According to the latest “World Watch List” released by Open Doors, a nonprofit organization that serves persecuted Christian populations around the world, violence against Christians is at its highest point in three decades. In sub-Saharan Africa, the group says, anti-Christian violence has reached “unprecedented intensity.” Nigeria is at the epicenter of the atrocities: 5,014 Christians were killed in Nigeria in 2022, nearly 90 percent of the total number of all Christians killed worldwide last year. In addition to the murders, millions of Nigerians have had to flee their homes to escape violence.
Needless to say, violence and economics alone don’t account for the high rate of Mass attendance in Nigeria. Peter Cardinal Okpaleke, bishop of the Nigerian Diocese of Ekwulobia, offered a more spiritual explanation. Nigerian society as a whole, in contradistinction to the rapidly secularizing West, has “a traditional worldview” that recognizes the presence of God in life and society, he said in an interview with Catholic News Agency (Feb. 14). Nigerians have not lost sight of how the spiritual world permeates this world. “There is a general awareness of the role of the divine in human life,” explained Cardinal Okpaleke. “It is this awareness that translates into Mass attendance for Catholics, who come to Mass to encounter Christ in the Eucharist.”

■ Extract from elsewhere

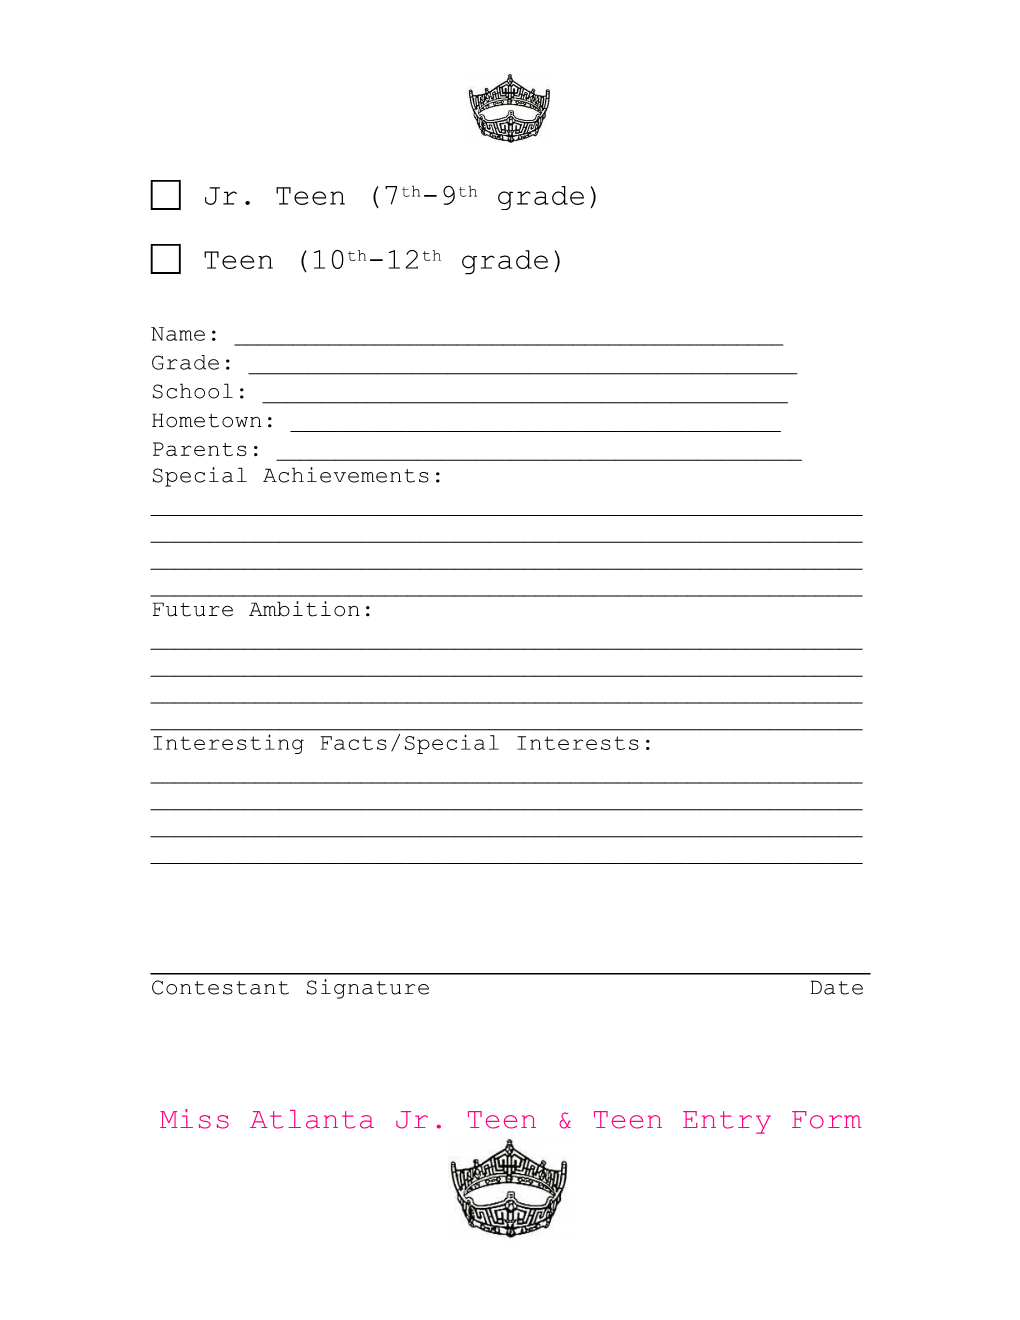 Miss Atlanta Jr. Teen and Teen Pageants

It is precisely this awareness that is being lost in wealthier nations, even among historically poor communities that are vying for a slice of the pie in wealthier nations. Economic striving, it seems, carries an inherent risk of religious forgetting.
If we take the opposing trajectories (both economic and religious) of U.S. Hispanic Catholics and Nigerian Catholics as our guide, we can glean a couple formulae:
- The greatest factors for maximizing religious commitment seem to be poverty and persecution.
- The greatest factors for minimizing religious commitment seem to be wealth and security.
As Newman said, we will have our master, whom we must serve; it is part of our human nature. So we must choose wisely.
Will you serve God or mammon?
Those of us who would avoid falling into the trap of forgetting God would do well to heed Christ’s instruction: “Do not lay up for yourselves treasures on earth, where moth and rust consume and where thieves break in and steal, but lay up for yourselves treasures in heaven, where neither moth nor rust consumes and where thieves do not break in and steal. For where your treasure is, there will your heart be also” (Mt. 6:19-21).